祸源
纹路像极了扭曲的人脸。

    “……”林楚喻喉结滚动。虽然找对了地方,但胃里仍泛起酸水。他强撑着冷笑:“鬼地方倒是会挑。”

    肩头突然一沉。韩君泽的手掌隔着衣料传来温度,下一秒——

    “叮——!”

    七枚铜钱落地成阵,青光暴涨间,四周阴风骤止。林楚喻尚未回神,耳畔便灌入一缕清音。初如泉涌,继而化作松涛,最后竟凝成编钟的庄重鸣响。他猛地闭眼,十指死死压住耳垂,在音浪中捕捉到一丝异动——

    是木槌撞击青铜的余韵!

    火光诡异地摇曳起来。林楚喻踉跄半步,忽觉天旋地转,直到后背撞上一堵“人墙”。韩君泽的气息混着沉水香笼罩而下,竟让他神识一清。

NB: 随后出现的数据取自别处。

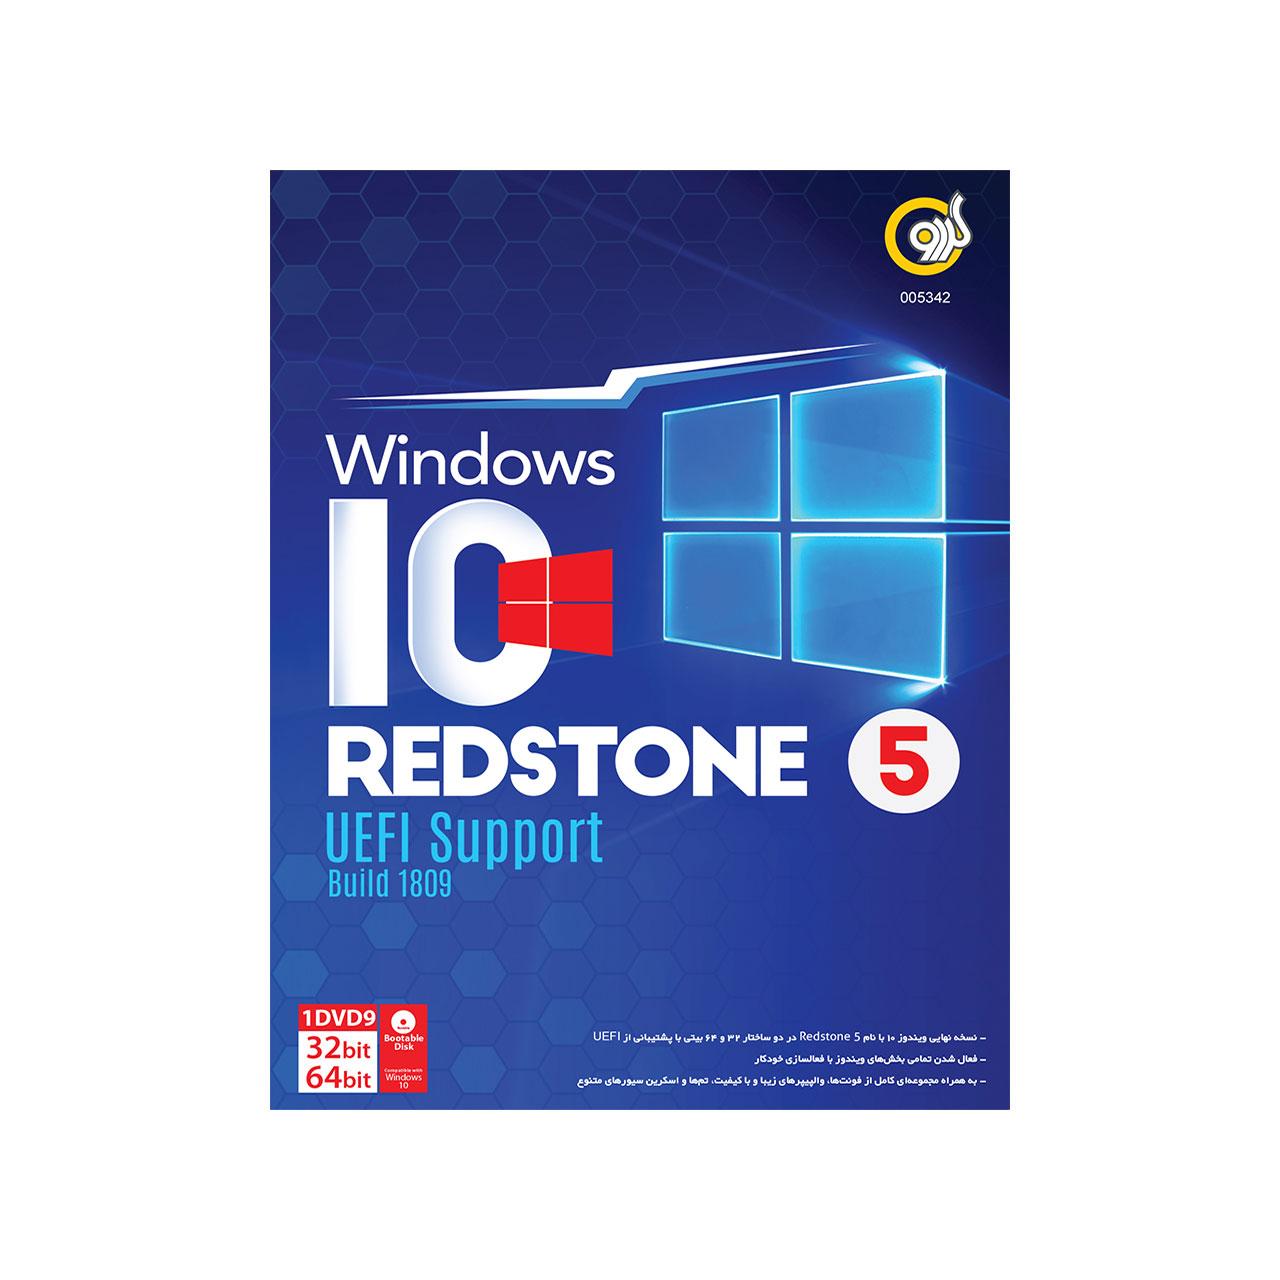 سیستم عامل ویندوز گردو Windows 10 Redstone 5 UEFI Support Build 1809
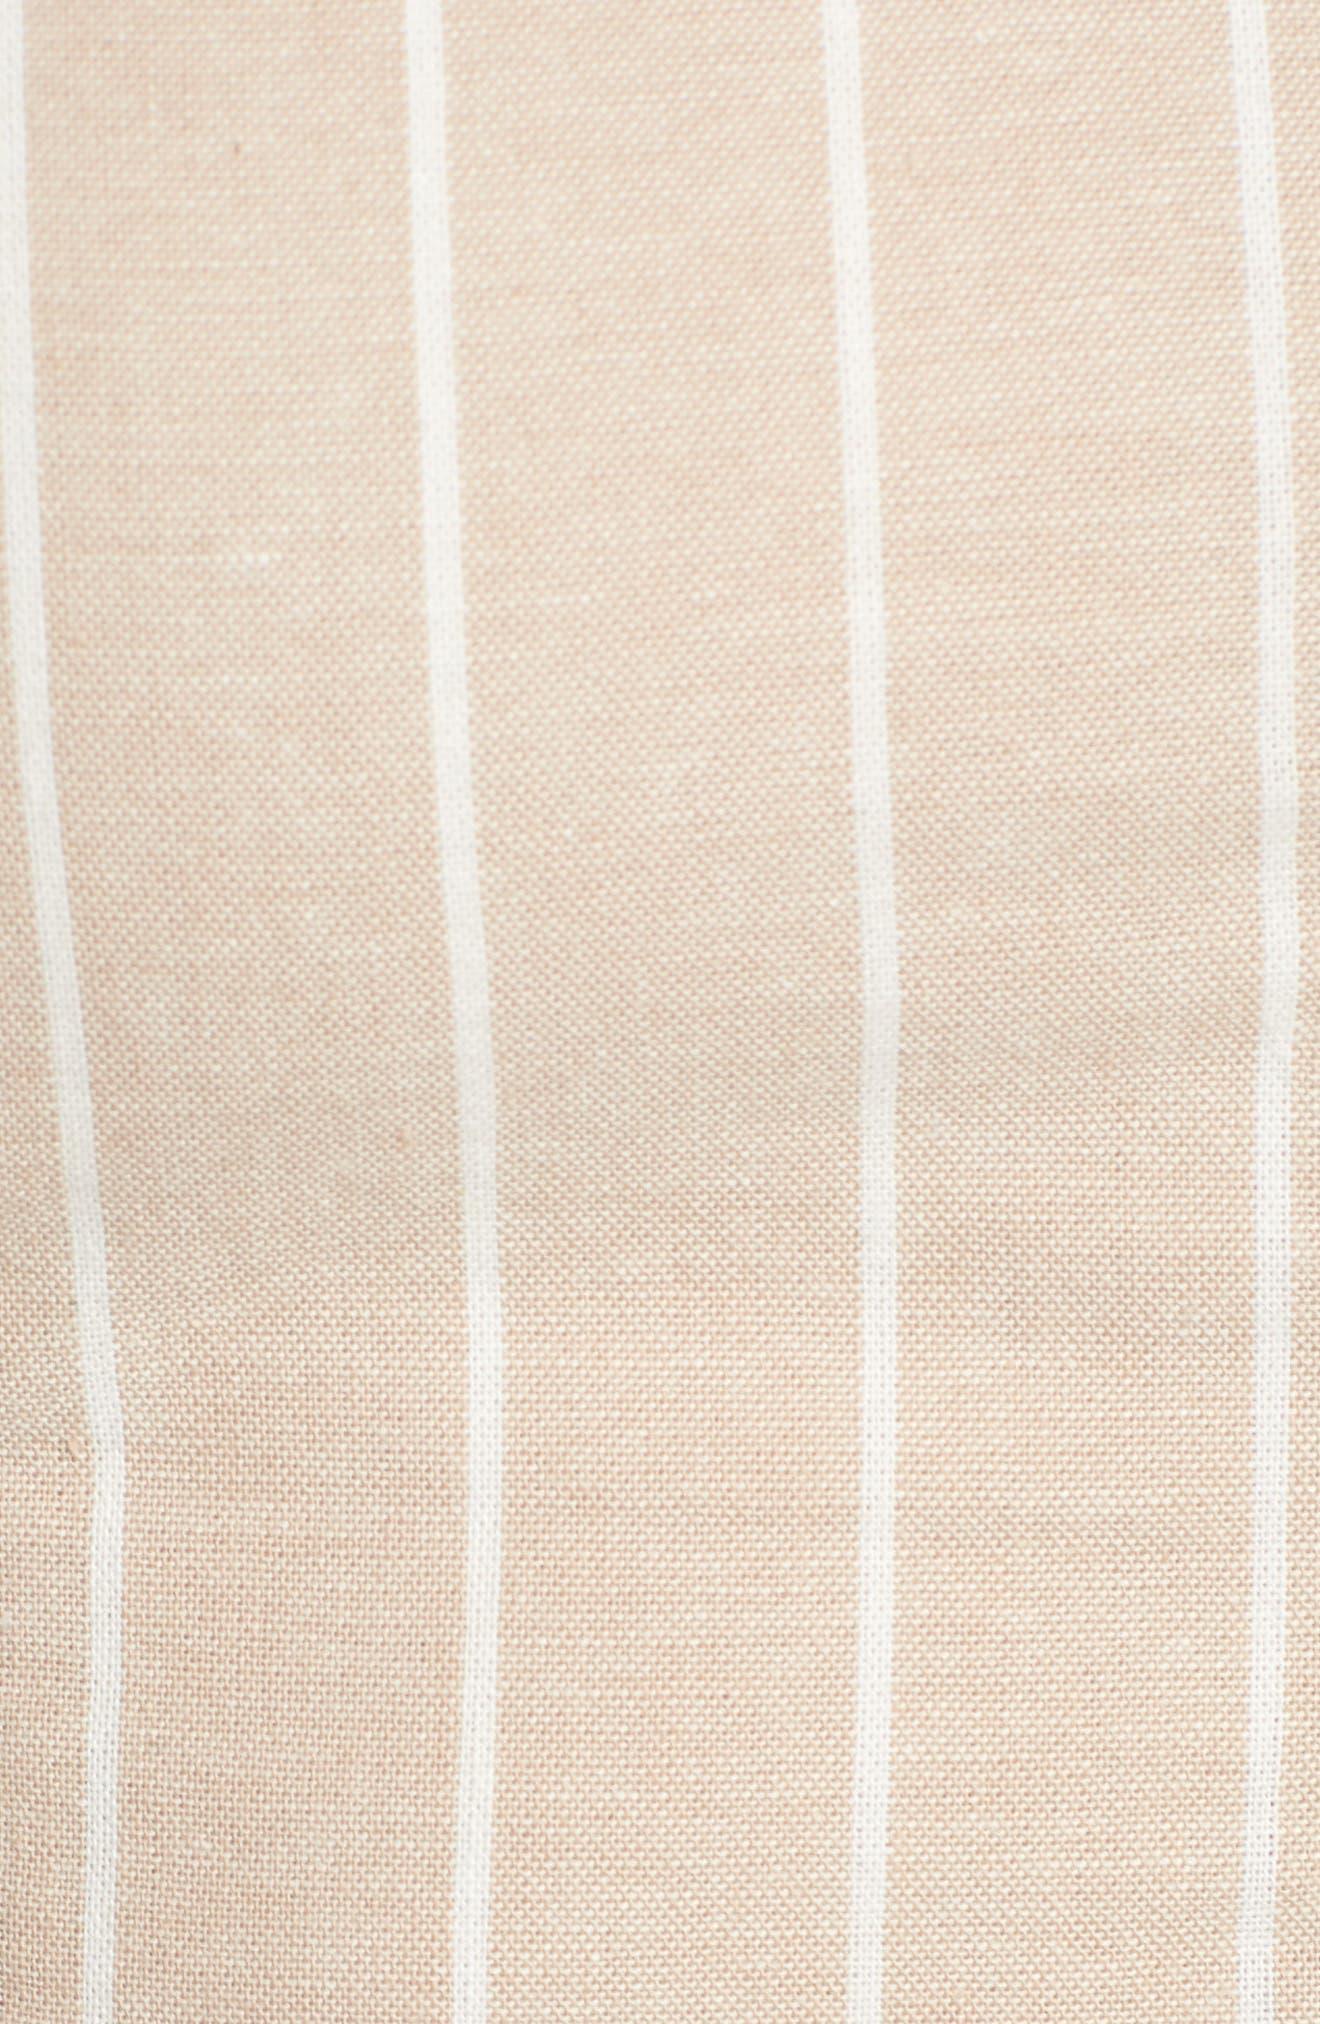 Stripe Crop Top,                             Alternate thumbnail 6, color,                             Beige Morn

    这闷葫芦倒是……他咬牙咽下后半句,强迫自己专注辨音。心弦五根震颤如临大敌——寻常人听声辨位,他却能听出“声”里的杀意。

    与听声辨位类似,听声者能清楚地感知到自己的心弦。若是深造,便能知晓其自身的心弦根数,根数越多,辨位更加准确。适得其反的是,听声者往往比普通人的听觉更敏感。

    雾气再次翻涌。

    木屐声“咔嗒、咔嗒”由远及近,每一步都像踩在神经上。佝偻的老妪提着盏幽蓝油灯,干瘦的身躯近乎透明,脖颈、手腕、腰肢——全身挂满指甲盖大小的青铜编钟,走动时却寂然无声。

    “新…客…人?”她咧开嘴,牙龈萎缩成黑洞。

    林楚喻指尖已抵住剑柄,却被韩君泽一个眼神钉在原地。

    “是。”韩君泽上前半步,袖中暗扣的符咒泛起微光。

    老妪喉咙里滚出沙哑的笑。编钟无风自动,奏出不成调的安魂曲。“过来吧…”她伸出枯枝般的手,灯焰“噗”地炸开一朵青花。

    *

    另一边,林子言的脑海一闪而过——那书童袖中藏着的密信,字迹他再熟悉不过。

    既如此,汴州之行便毫无意义。与其陪他们蹚浑水,不如趁此机会,亲自去会一会这位“忠心耿耿”的书童。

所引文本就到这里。